To visually measure a patient's vital signs without actually taking them.

Pap Smear -

Fatherhood test

Patient is A.R.T -

Assuming Room Temperature!

Patient Vu -

The strange feeling that you've transported a particular patient before.

Person of Xenon -

Guy who runs with every light known to man on the top.

Pharmanesia -

The inability to remember what a patient's home medications are for.

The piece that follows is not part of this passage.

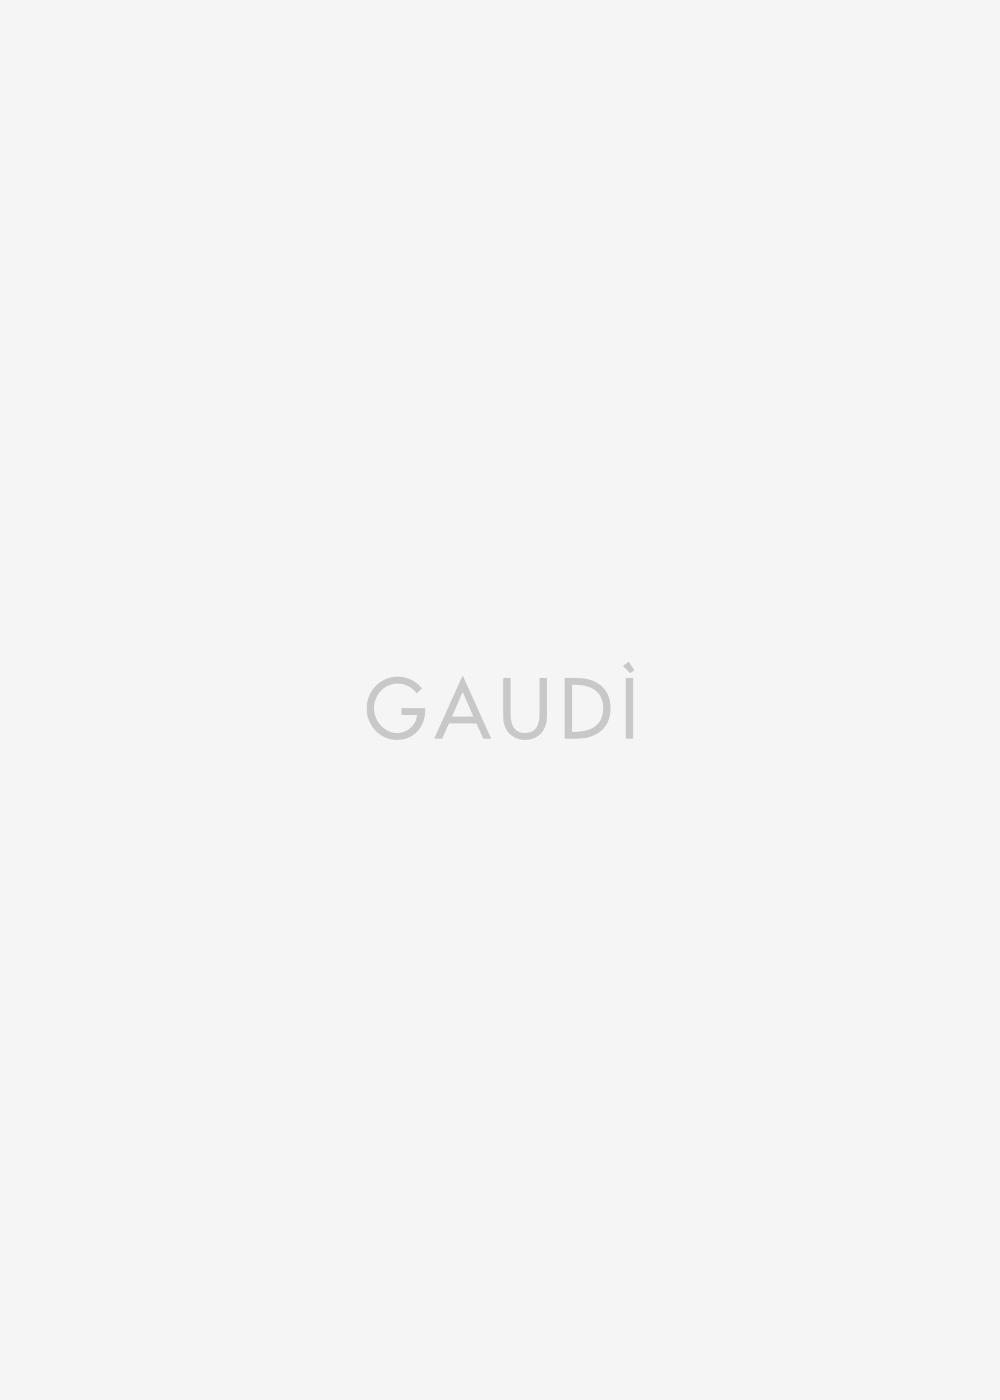 Abbigliamento 2019Gaudì Online Elegante Ss Donna Casual Ed UVpSzM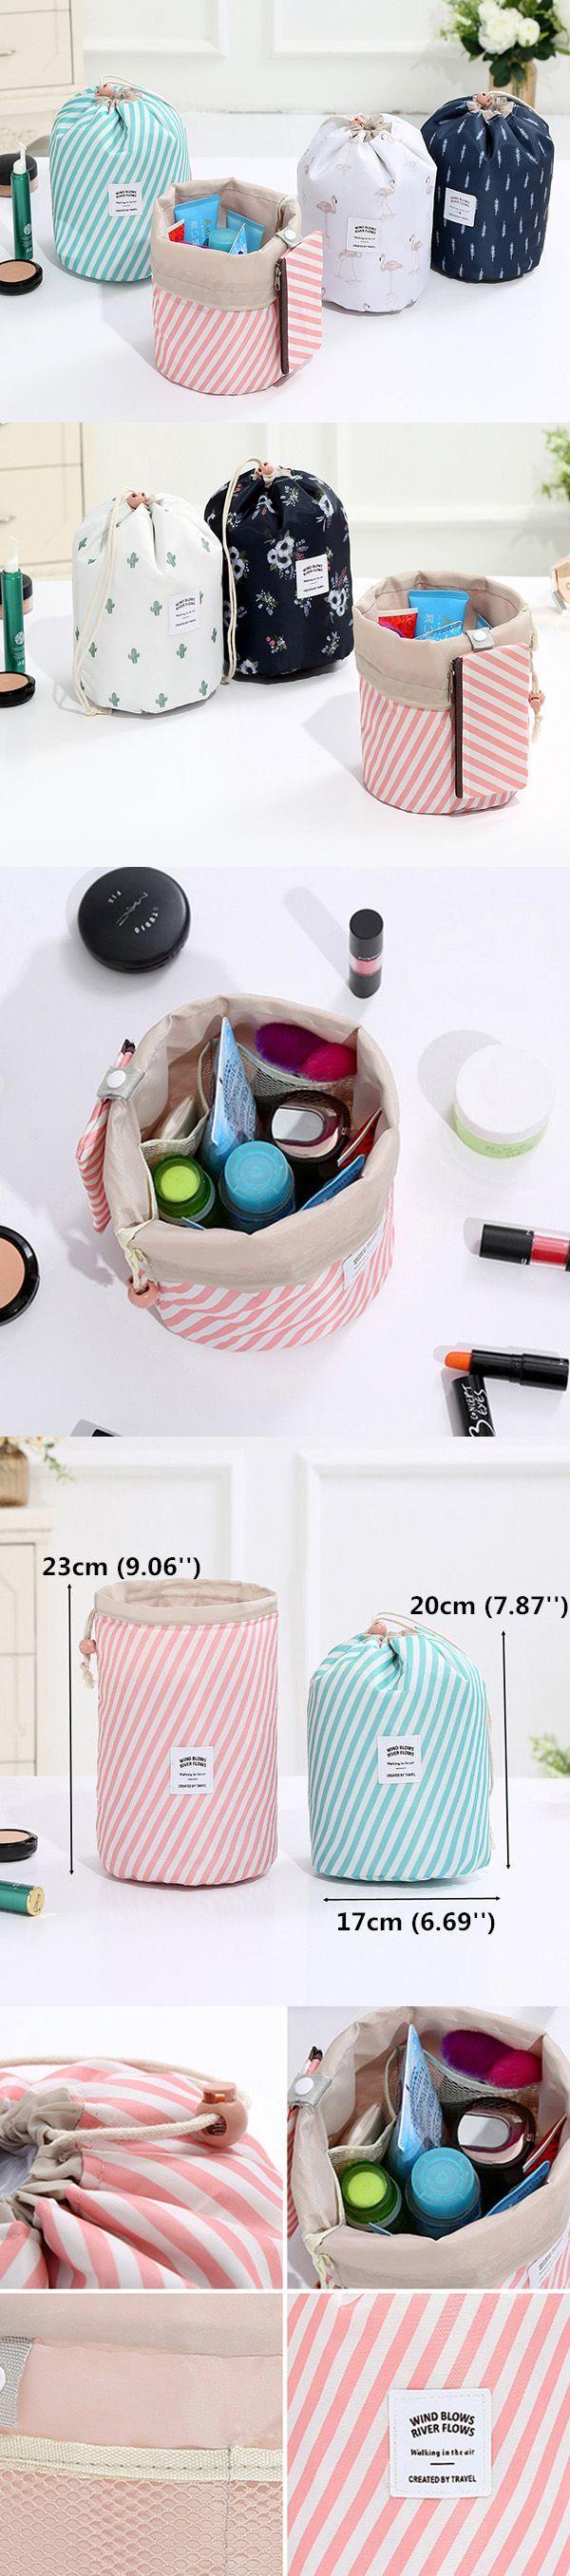 Woman Print Cosmetic Storage Kit Toiletry Kit Bathroom

Pharmaceutically Enhanced Personality -

Cocaine O.D.

Pharmaceutically Gifted -

A steroid user.

Polyadipose Dysfunction -

Big fat person.

Projectile Vomit -

ALWAYS has the right of way!!

PVC Challenge -

Intubation.

PUHA -

Pick Up and Haul Ass - equivalent to Swoop and Scoop.

"Q" sign -

Someone who lays unconscious with their mouth open and tongue hanging out.

Randy Rescue -

New Guy with more shit on his belt than Batman.

Rectovisualitis -

When your rectal nerves are crossed with your visual nerves and you have a shitty outlook on life.

Rheumatic -

amorous

Road Pizza -

Motorcycle Crash Victim

Salad -

Permanent ventilator patients with no EEG activity.

Stare of Life -

Look on a rookies face during his first code.

Status Asparagus -

Brain dead patient.

Tater-

A vegged out patient.

Tater Toter -

Ambulance transporting a non-emergent patient.

Test Pilot for Sara Lee-

Obese patient.

T.I.D -

Transient in distress.

TTA -

Temporary Transient Alzheimers ( sometime suffered by EMS personnel).

TBC -

Total Bone Cruncher.

Urban Outdoorsman -

Homeless person.

Using the paddles -

Person of charge.

Vein -

Conceited

V-Fib -

A person of contractions.

Vertically Challenging Person of Size -

A 400lb guy on upper floors with no elevator.

VDRT-

Very Dead Right there.

V.I.P.-

Very intoxicated person.

Vital Signs 'WNL' -

We Never Looked.

Walky Talky -

Someone who can ambulate and converse.

Windshield Taste Test -

MVA victim who nails the windshield unrestrained.